Using LDAP functions to get Active Directory tokenGroups attribute in PHP

Question

Greetings,

I already have a working connection to the AD and can search and retrieve information from it. I've even developed a recursive method by which one can retrieve all groups for a given user. However, I'd like to avoid the recursion if possible. One way to do this is to get the tokenGroups attribute from the AD for the user, which should be a list of the SIDs for the groups that the specified user has membership, whether that membership be direct or indirect.

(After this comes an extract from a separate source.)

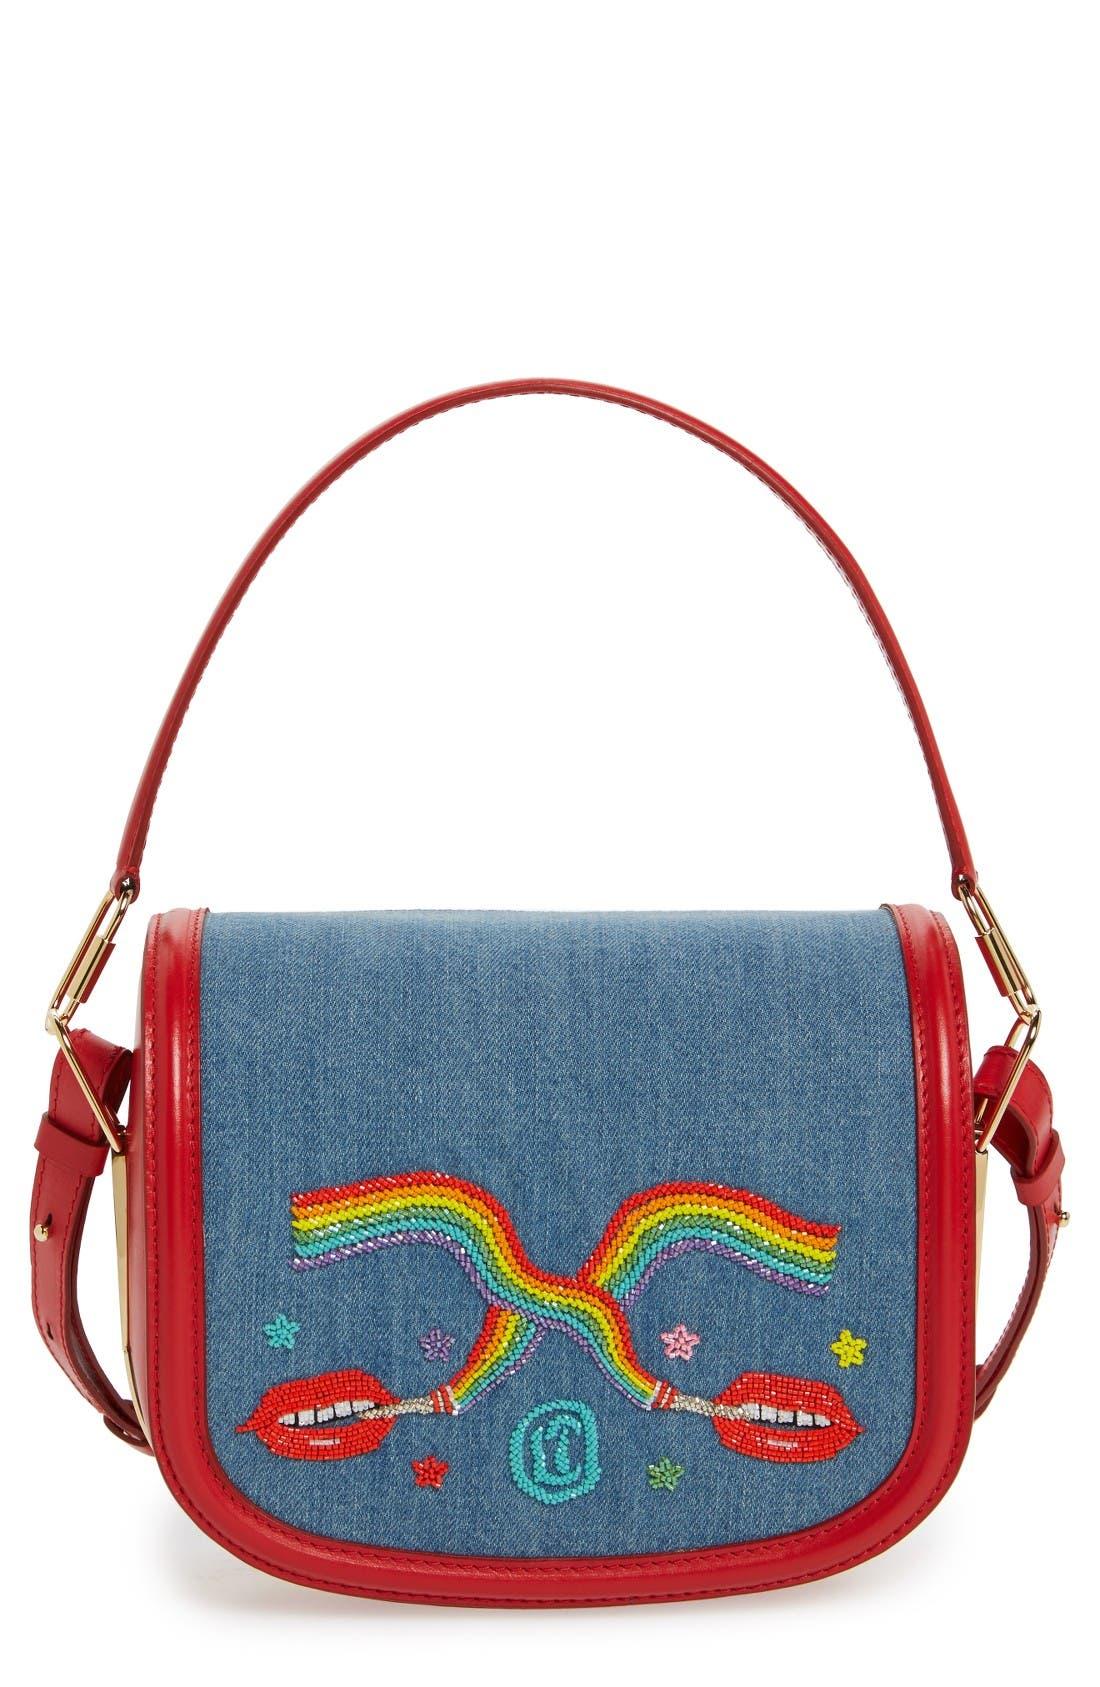 Dutchies Crossbody Bag,                             Main thumbnail 1, color,                             Blue
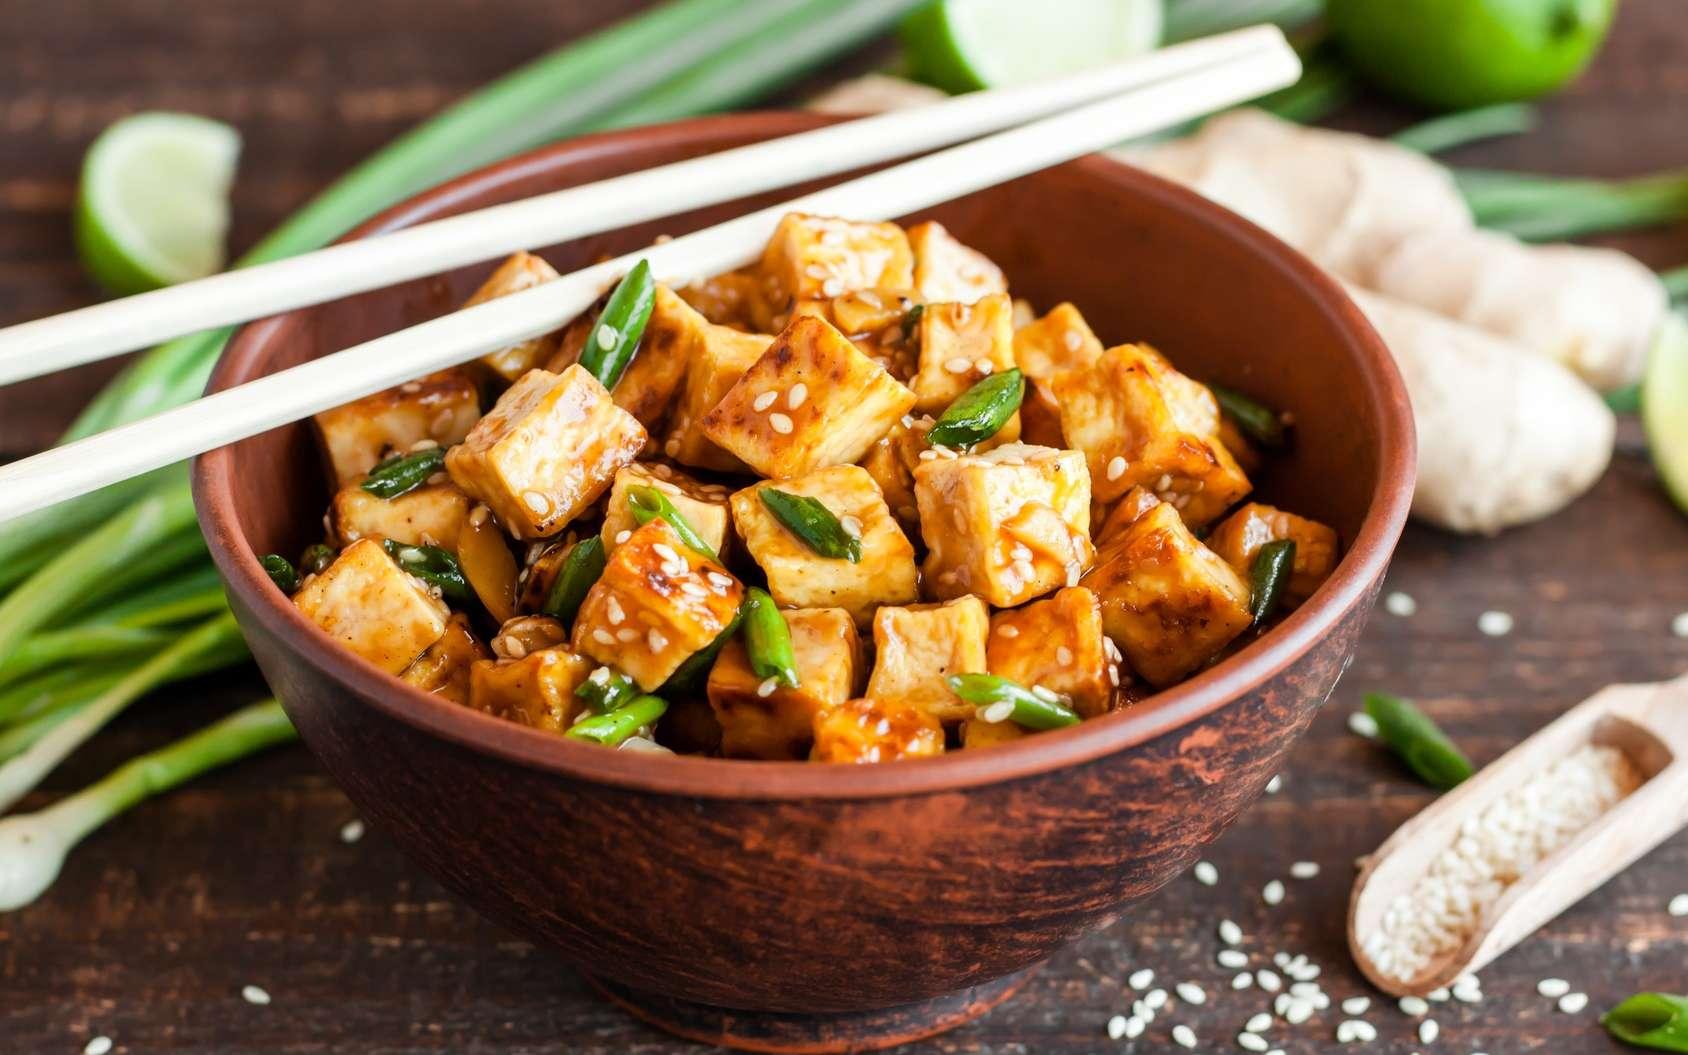 Le tofu est originaire d'Asie. © yuliiaholovchenko, Fotolia

When I run a search for a user's AD information, though, the tokenGroups attribute isn't even in it. I tried specifically requesting that information (i.e., specifying it using the fourth parameter to ldap_search) but that didn't work, either.

Thanks, David Kees

---

Answer 1

Solved my own problem and thought I'd put the answer here so that others might find it. The issue was using the ldap_search() function. The answer was to use the ldap_read() function instead of ldap_search(). The difference is the scope of the request. The search function uses a scope of "sub" (i.e., subtree) while the read function uses "base." The tokenGroups information can only be found when using a scope of "base" so using the correct PHP function was the key.

As I mentioned above, I was working from someone else code in perl to create my solution and the perl script used a function named "search" to do it's LDAP requests which lead me down wrong path.

Thanks to those who took a peek at the question!